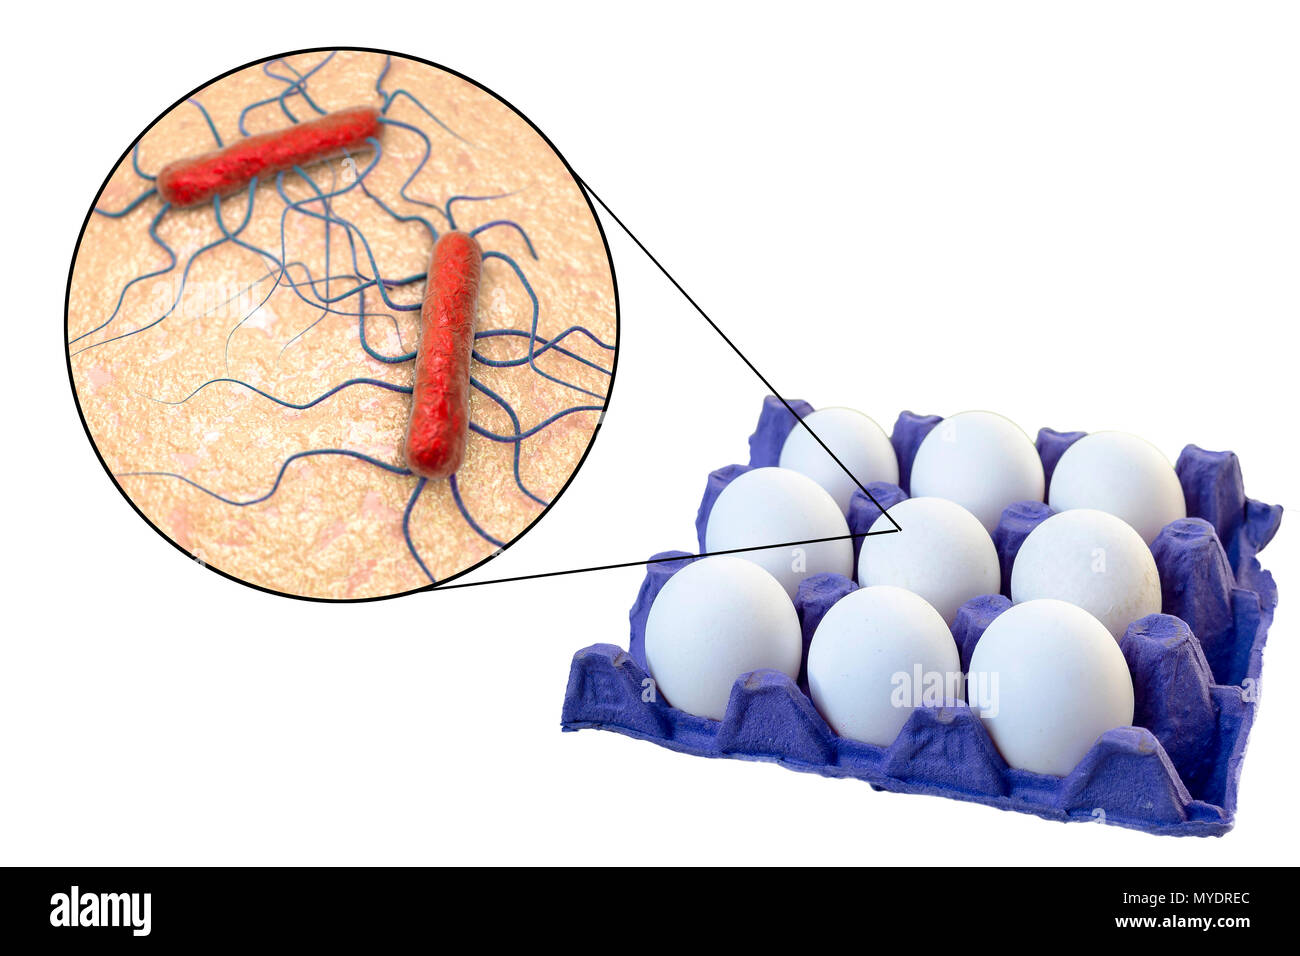 La transmisión de la bacteria Listeria monocytogenes con huevos de gallina, Ilustración conceptual. Foto de stock
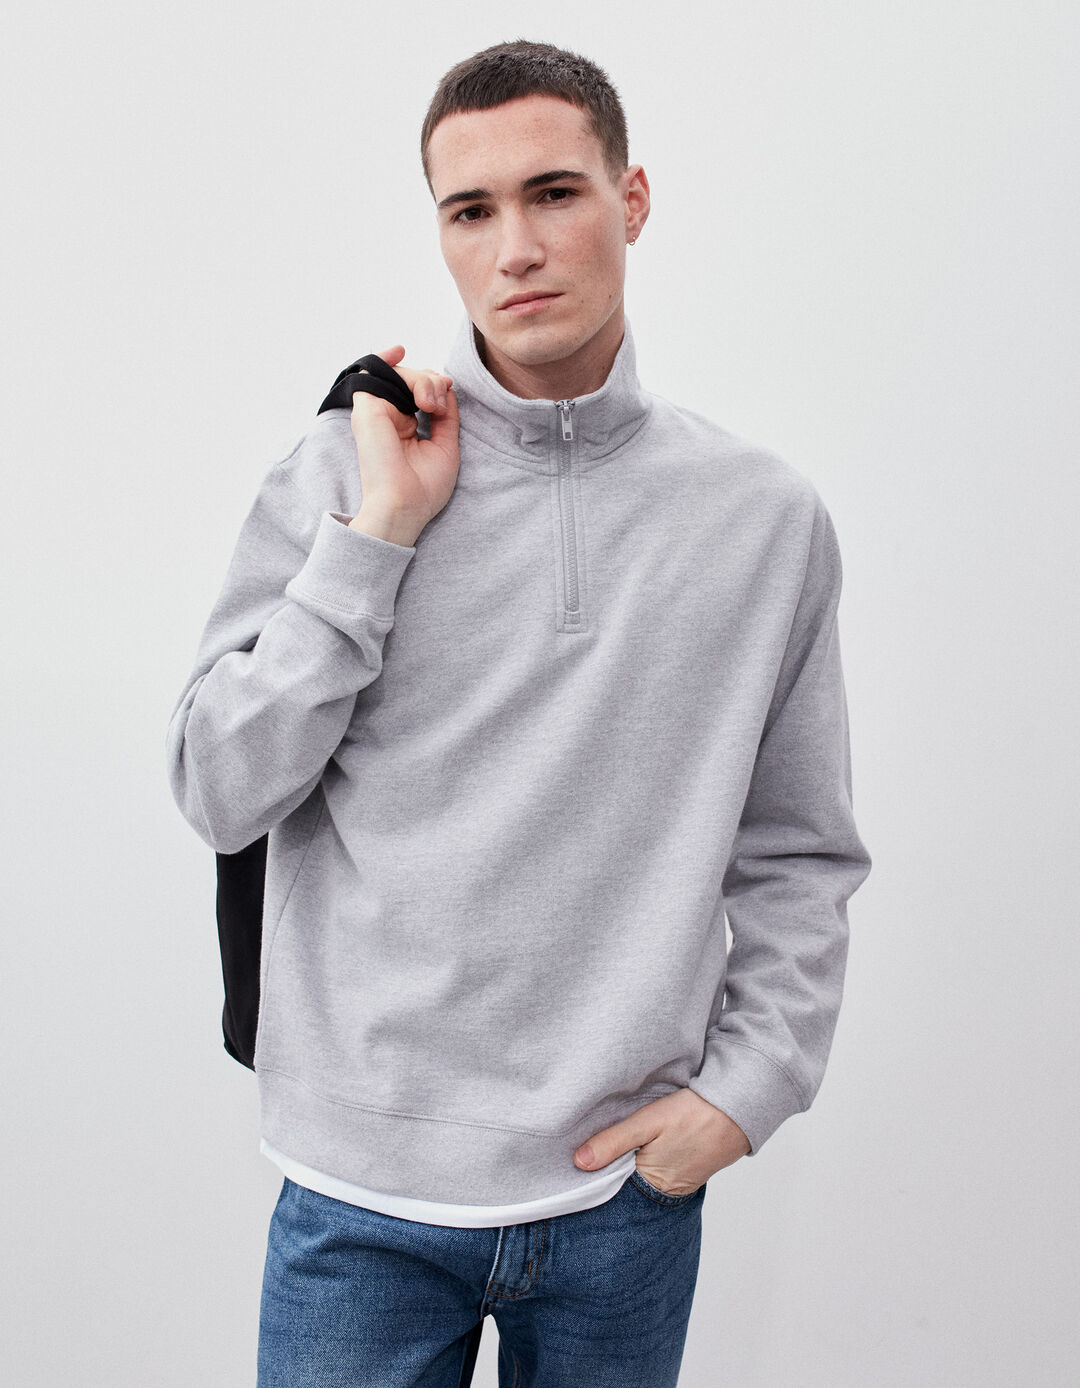 Zip-up Fleece Sweatshirt, Men, Light Gray
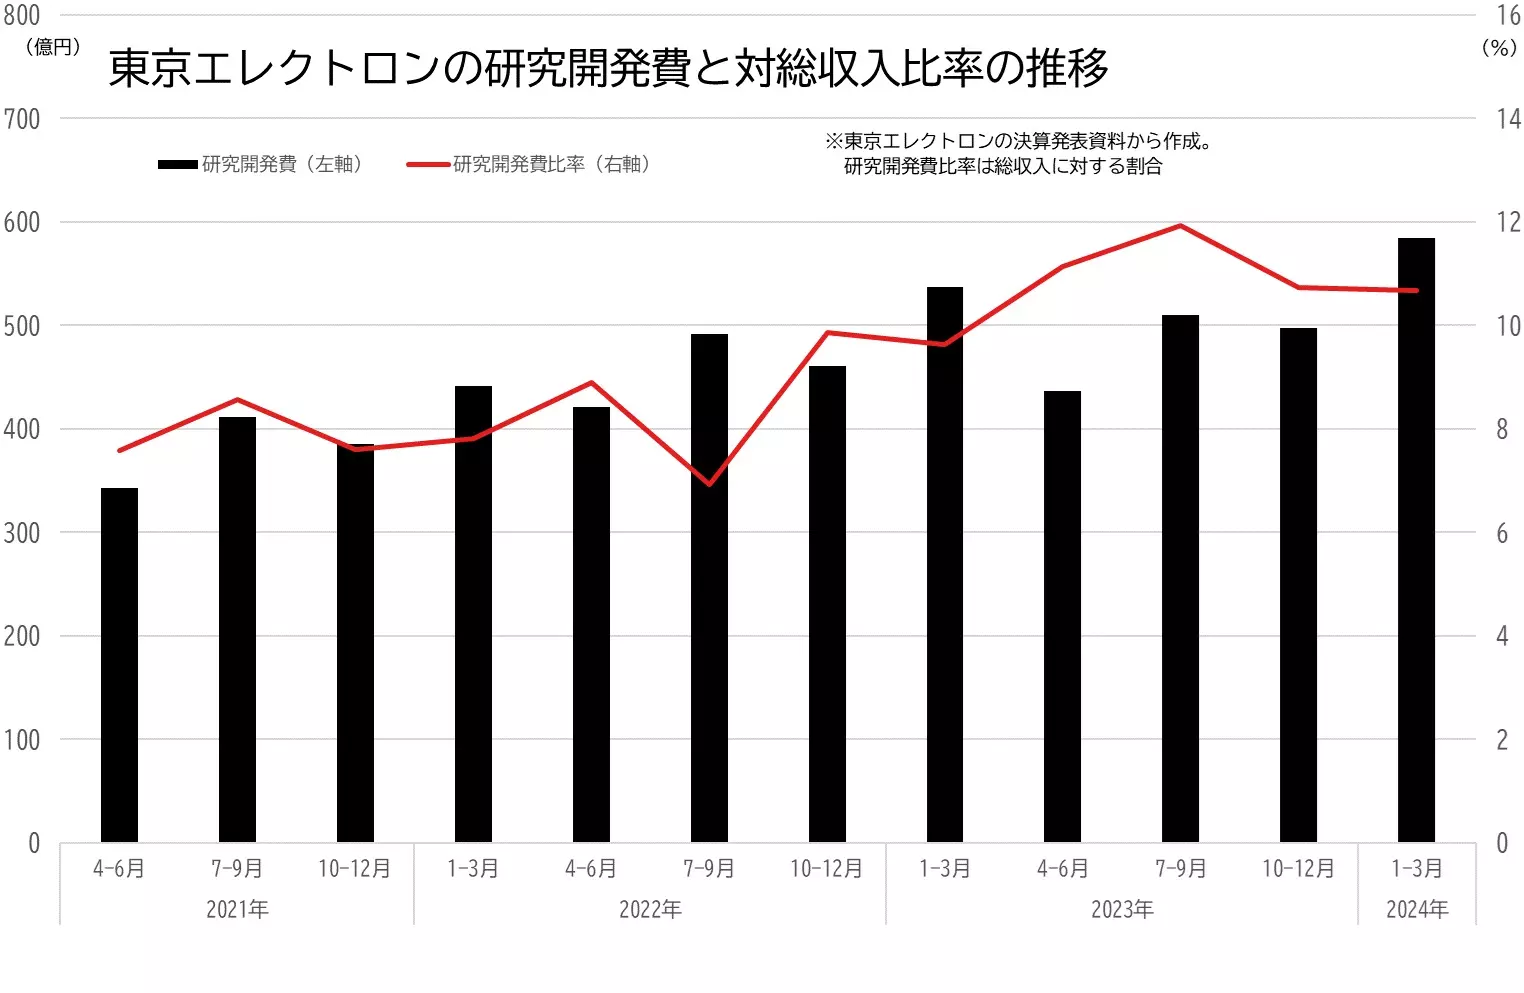 東京エレクトロンの研究開発費と総収入に占める比率の推移のグラフ

**WORK INSTRUCTIONS**
Transcribe the listing above exactly, leaving every picture out.

**EXERCISE ANSWER**
 La transmisión de la bacteria Listeria monocytogenes con huevos de gallina, Ilustración conceptual. Foto de stock
 Zip-up Fleece Sweatshirt, Men, Light Gray
 東京エレクトロンの研究開発費と総収入に占める比率の推移のグラフ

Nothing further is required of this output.